Just last year, my family moved _back_ into the loop (walking distance to
several parks) and haven't looked back.

This quote perfectly sums up the problem Houston has had: > We could get high-
quality job applicants to land at Intercontinental Airport,” said Fowler. “But
on the way into town the wives would look over at their husbands and say,
‘What are we doing here?’ ”

Finally knowing how the city is layer out has taught me to:

1\. Get away from the airport and downtown, unless it's for work, drinks, and
a ball game. 2\. Find one of the park + restaurant pockets and relax, walk to
great coffee (Blacksmith), and Uber home. 3\. Rent a B-cycle to connect
between the culturally rich areas. Within the loop, they're only 1-2 miles
apart. 4\. Visit museums. Each one seems to be nestled by a park, nice homes,
and good food.

Like most cities I've visited, when I go alone, I get a tilted opinion of it.
But, with someone who knows the area, you'll be the best it has to offer.

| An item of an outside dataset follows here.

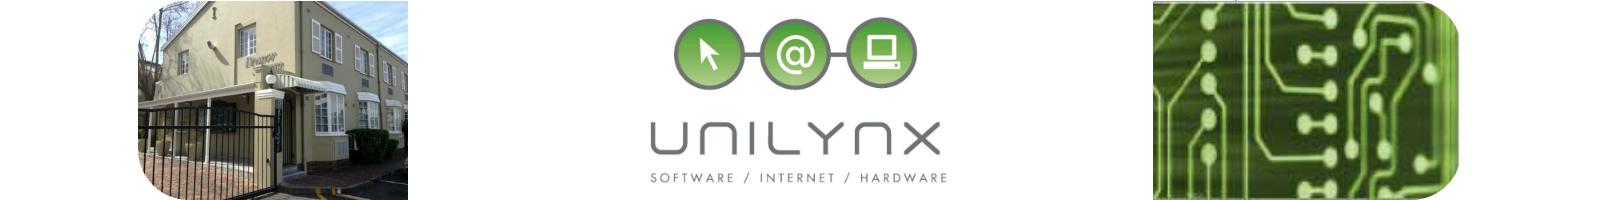 Unilynx-Header-3

Lastly, despite being an oil and gas town, there's a huge medical community
and a bustling Node/JavaScript/Ruby community.

The open-source crowd is extremely supportive and we consistently help find
work for new comers and Iron Yard graduates.

------
grishas
Nitpick mode: on

    
    
      cat article.txt | wc
        134    6494   39992
    

So almost 6500 words and only 1 map and 1 photo. You'd think if you were
writing about Houston's parks you might, you know, show them to us?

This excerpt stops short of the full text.